For me it's the opposite: why do we have a gazillion of window managers (that just manage windows), and so few desktop environments that provide a complete and coherent setup?
It's especially annoying in the world of tiling window managers. There are few options for a desktop environment with a solid tiling WM. Regolith is one (based on i3 / Sway), and I thank those who develop it, but it's patching together a bunch of independently developed tools and you can tell when you try to change some things and have to deal with disparate config files.
Totally agree. I tinkered around with an openbox+tint2 setup several years ago and was able to get it to a usable state, but getting all the little things working is so fussy and flaky, with e.g. the need to hunt down suitable daemons to get a typical tray item loadout.
Imagine a perfect world where all the separate apps just were coherent, forming a complete ecosystem and their config files were not disparate? So you would just pick a window manager you somehow like better, a panel app of your choice, launcher, sound volume, WiFi management, calculator applets you prefer... Then switch to another window manager someday... keeping everything else intact. This is the way it's meant to be, every thing you dislike is just a quirk.
Yes that sounds awesome, though I'd prefer having a single config file for the window manager, status bar, notifications, application launcher, lock screen and whatever else I forgot that are in the end part of the same experience.

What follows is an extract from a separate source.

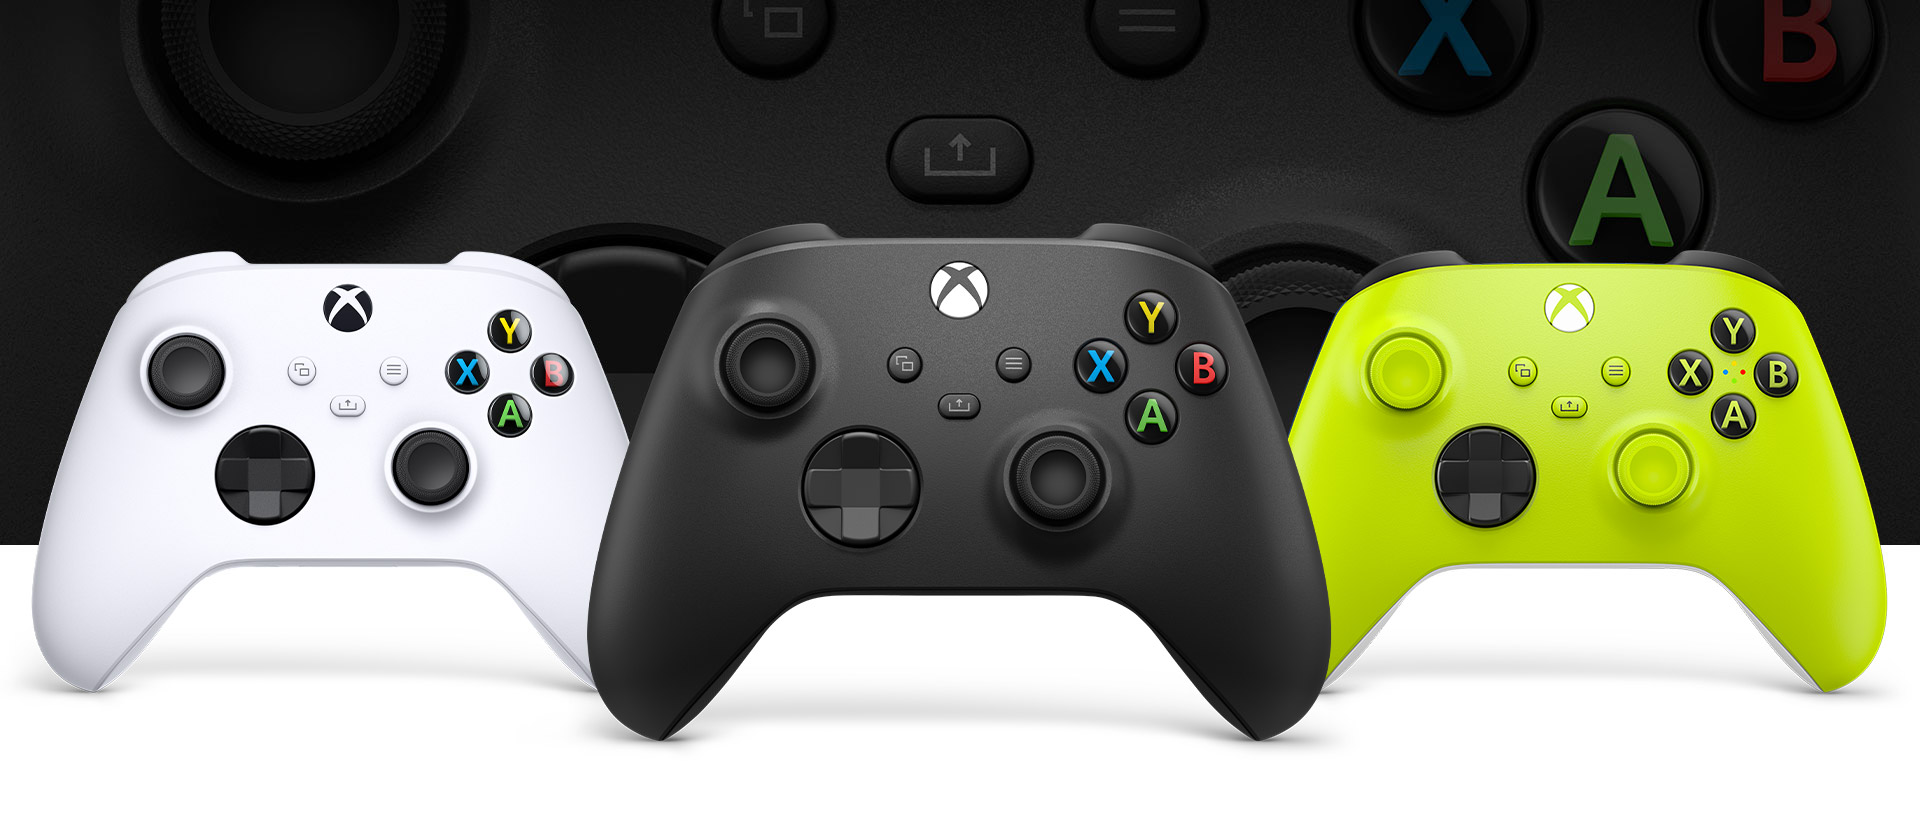 Xbox Wireless Controllers compared | Xbox
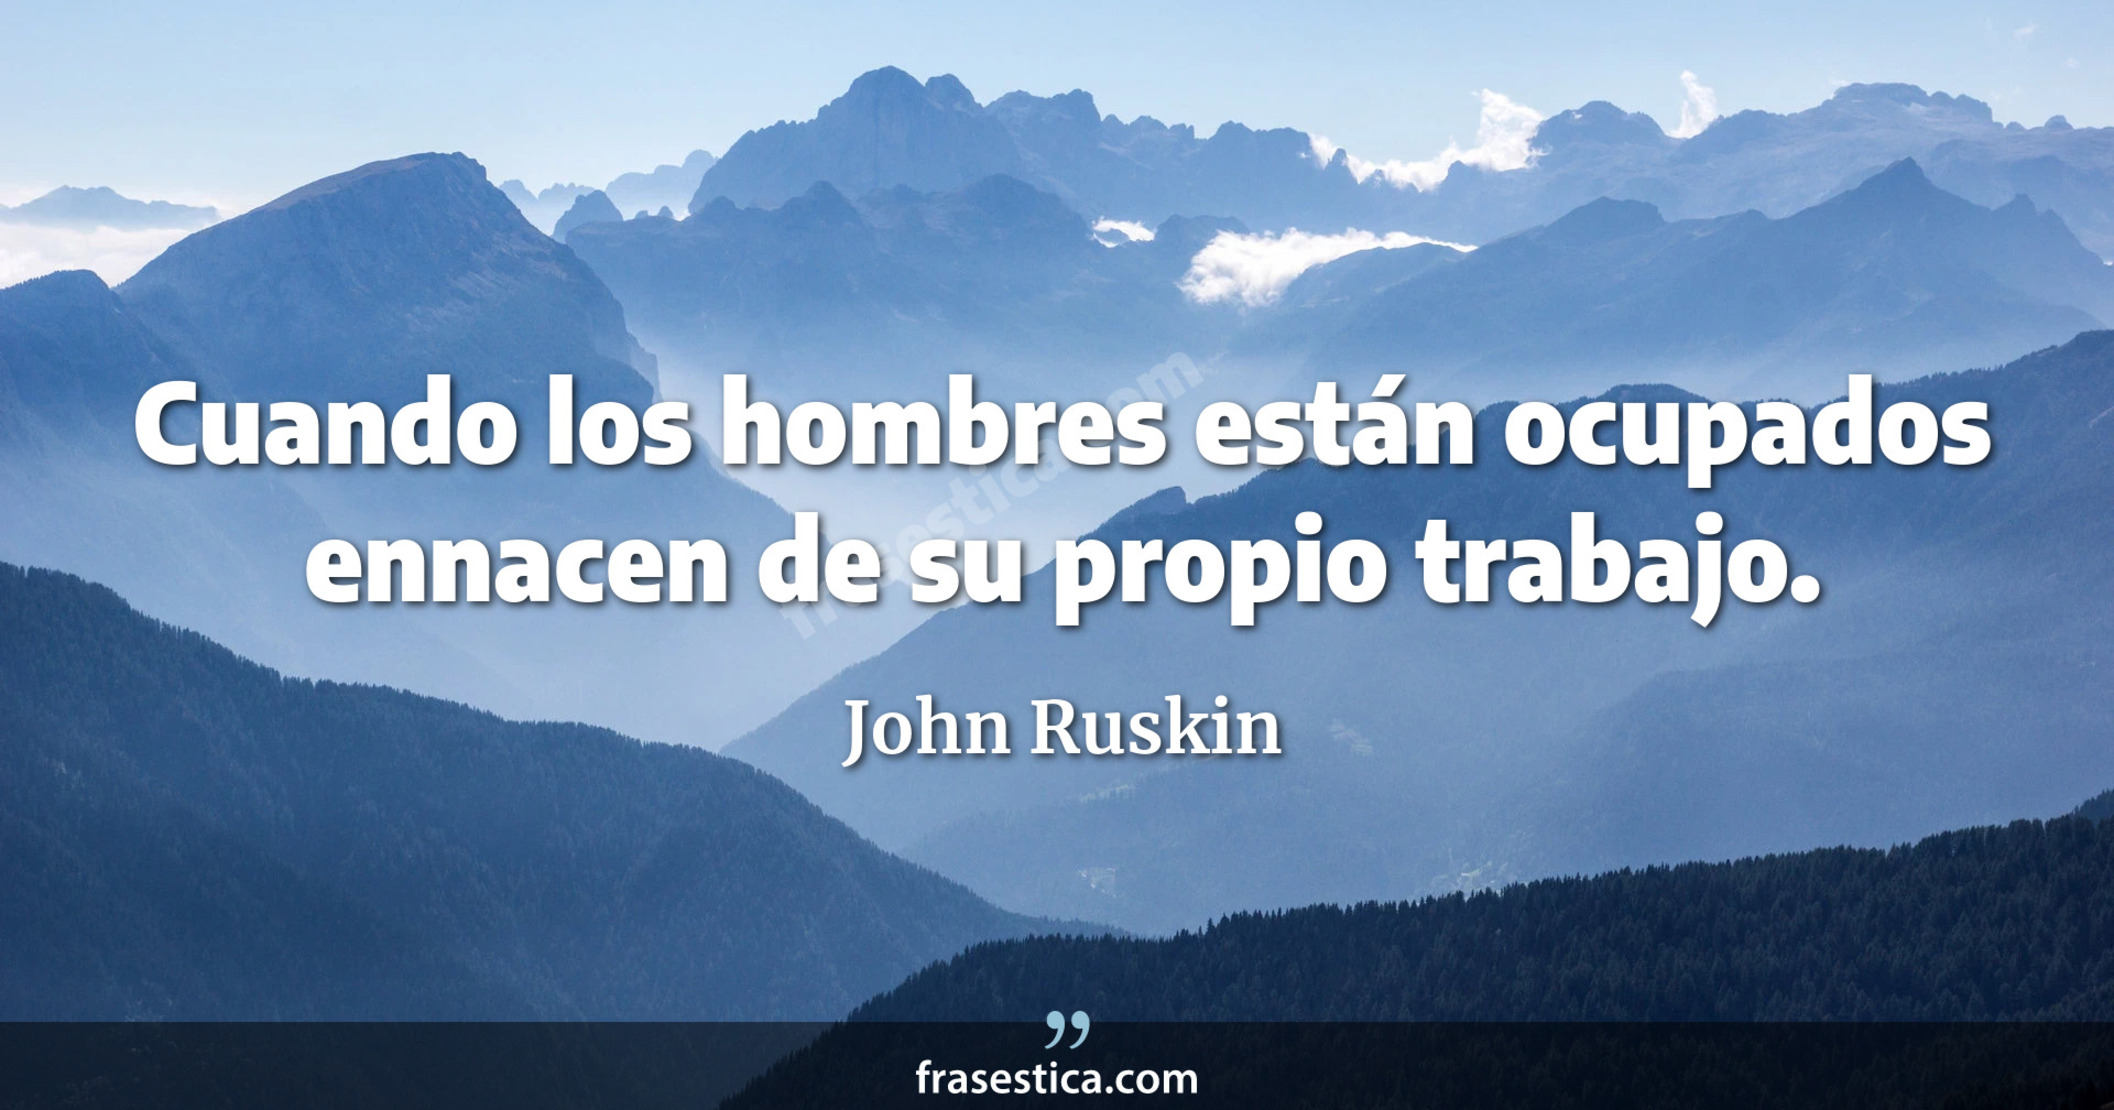 Cuando los hombres están ocupados ennacen de su propio trabajo. - John Ruskin

One particular problem is theming: I'd like to set a theme in a single place for all the elements of my desktop environment. Not sure if it's fair to expect a bunch of independent opinionated developers who like to use weird graphics toolkits (when not drawing everything by themselves) to come up with a unified solution.
Another problem is the shortcuts. It's the same problem in (neo)vim when you build your awesome IDE-like setup based on 53 unrelated packages: you end up with an illogical, overlapping soup of keybindings. I think you need someone to take charge of unifying things to provide a coherent experience.
Yeah this, there really isn't a strong coherent option for tiling window managers just yet. We'll probably see one soon with cosmic.
I think its the vim effect where the userbase just has a high demand for customization and don't mind a lot more set up and configuration to get there.
It's especially annoying in the world of tiling window managers. There are few options for a desktop environment with a solid tiling WM. Regolith is one (based on i3 / Sway), and I thank those who develop it, but it's patching together a bunch of independently developed tools and you can tell when you try to change some things and have to deal with disparate config files.